José Ferreira Godinho Filho, o Casé, nasceu em 26 de junho de 1932, em Guaxupé, Minas Gerais: pai e mãe músicos, um irmão trompetista e três irmãos saxofonistas. Aos 10 anos, já tocava bateria com o pai; dois anos depois, soprava saxofone e clarineta em bailes na Usina Junqueira, perto de Ribeirão Preto, São Paulo. Casé fez de tudo numa carreira de rápida ascensão: tocou sob a lona de circos e em salões de baile; nas orquestras de rádio em programas de auditório e no ar enfumaçado dos "inferninhos" dos anos 1950. Aos 21 anos, excursionou pelo Oriente Médio e pela Europa. E encontrava ainda tempo para estudar harmonia, durante dois anos, com o maestro erudito Hans-Joachim Koellreutter, o monstro-sagrado da música de vanguarda no Brasil.

Casé foi desses gênios que jogaram tudo na música. "Tranquilo e introvertido" (Amilson Godoy), "dizia uma frase por ano" (Rubinho Barsotti), era um temperamento errático. Teve a vida marcada por planos irrealizados. Na Europa, convidado para integrar um grupo de jazz, recusou. Pouco antes de morrer, foi convidado pelo maestro Chiquinho de Morais para a Orquestra Bandeirantes. Depois de três ensaios, desapareceu. O Zimbo Trio tentou contratá-lo em caráter permanente, o ajudou até com dinheiro para seu tratamento de úlcera. Sumiu de novo.

Casé recebeu incontáveis convites para se fixar nos EUA ou na Europa. Segundo Rubinho Barsotti, desistia sempre por causa da obsessão de comprar uma casa para a mãe: "Esta foi a grande prisão da vida do Casé." Seu último trabalho fixo foi com Sargentelli, no show Oba-Oba. Dizia que era um ótimo emprego, porque ficava perto de seu apartamento – alugado, pois Casé não conseguiu sequer ter um teto próprio. E acabou morrendo sozinho, e misteriosamente, em 1º de dezembro de 1978, num quarto de hotel na Boca do Lixo, no centro de São Paulo, onde morava havia quatro meses.

Os 66 minutos de programação da Radio Casé dão uma boa amostra do talento do saxofonista. Um de seus improvisos mais elaborados é o clássico de Ary Barroso, "Risque", gravado ao vivo em 1956, com Dick Farney ao piano.

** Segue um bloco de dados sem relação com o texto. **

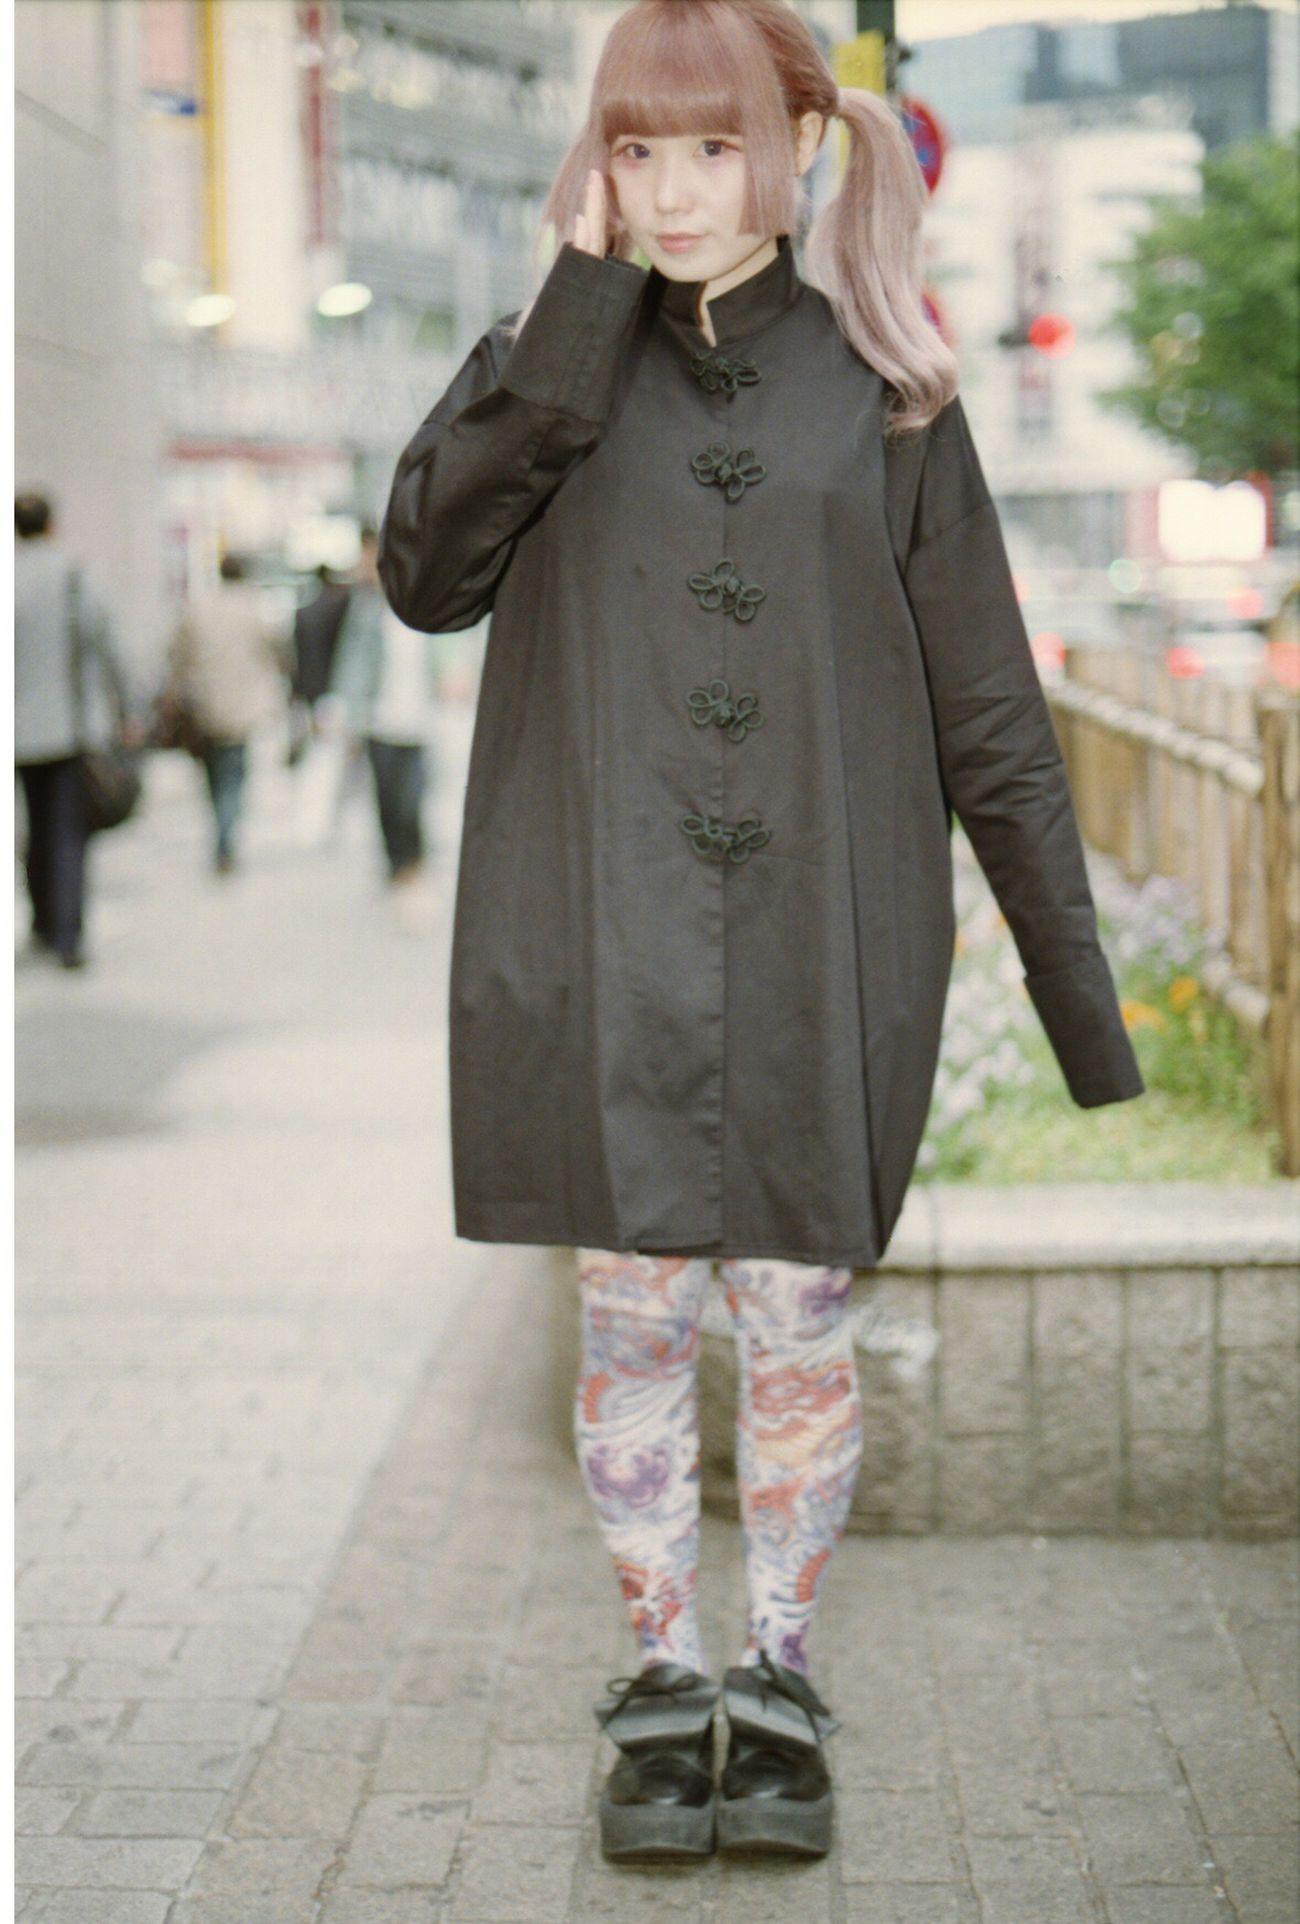 ぽこあぽこスタッフスナップ チャイナ服にそれっぽいタイツを履いてみたらエキゾチックでミステリアスな雰囲気 #ぽこあぽこ #タイツ #tights #shibuya109 http://goo.gl/avNXpA ぽこあぽこ タイツ Pocoapoco Tights Shibuya109 マルキュー

Da mesma época são Yesterdays, Out of Nowhere e Copacabana, do álbum Good Neighbors Jazz, reunindo Casé e Moacyr Peixoto com os norte-americanos Major Holley (baixo) e Jimmy Campbell (bateria).

Casé improvisava à vontade tanto nos standards americanos ("But Not for Me", "Don’t Get Around Much Anymore", "Love Walked In"), como no repertório nacional. Em "Feitio de Oração", "Palpite Infeliz" e "Menina Moça", de 1960, ele troca o sax alto pelo tenor. É do mesmo ano "Ensaio de Bossa", que mostra o lado autoral do saxofonista. Em 1968, Bossa na Praia confronta o sax alto de Sadao Watanabe com um Casé arrasador, integrando o lendário Brazilian Octopus. De 1974, da trilha do filme A Virgem de Saint Tropez, a composição de Hareton Salvanini, "Quarto de Hotel" –o título é uma coincidência irônica – traz uma comovida interpretação de Casé, quase em tom de elegia.

São grandes momentos da música instrumental feita no Brasil, em faixas que trazem, além de Dick Farney, Xu (ou Shoo) Viana, Rubinho e Moacyr Peixoto, o saxofonista Carlos Alberto Alcântara, os trombonistas Bil e Iran, os pianistas Paulo Lima de Jesus e Cido Bianchi, os guitarristas Boneca, Alemão e Heraldo do Monte, os trompetistas Buda, Botina, Waldir Arouca e Capitão, o vibrafonista Garoto, os baixistas Luiz Chaves e Gabriel Bahlis e os bateristas Turquinho e Dirceu Medeiros. Heróis esquecidos que se perderam na noite dos tempos em que o jazz moderno – tangido pelo sopro lírico de Casé – mais do que uma aventura cultural, era quase uma experiência religiosa.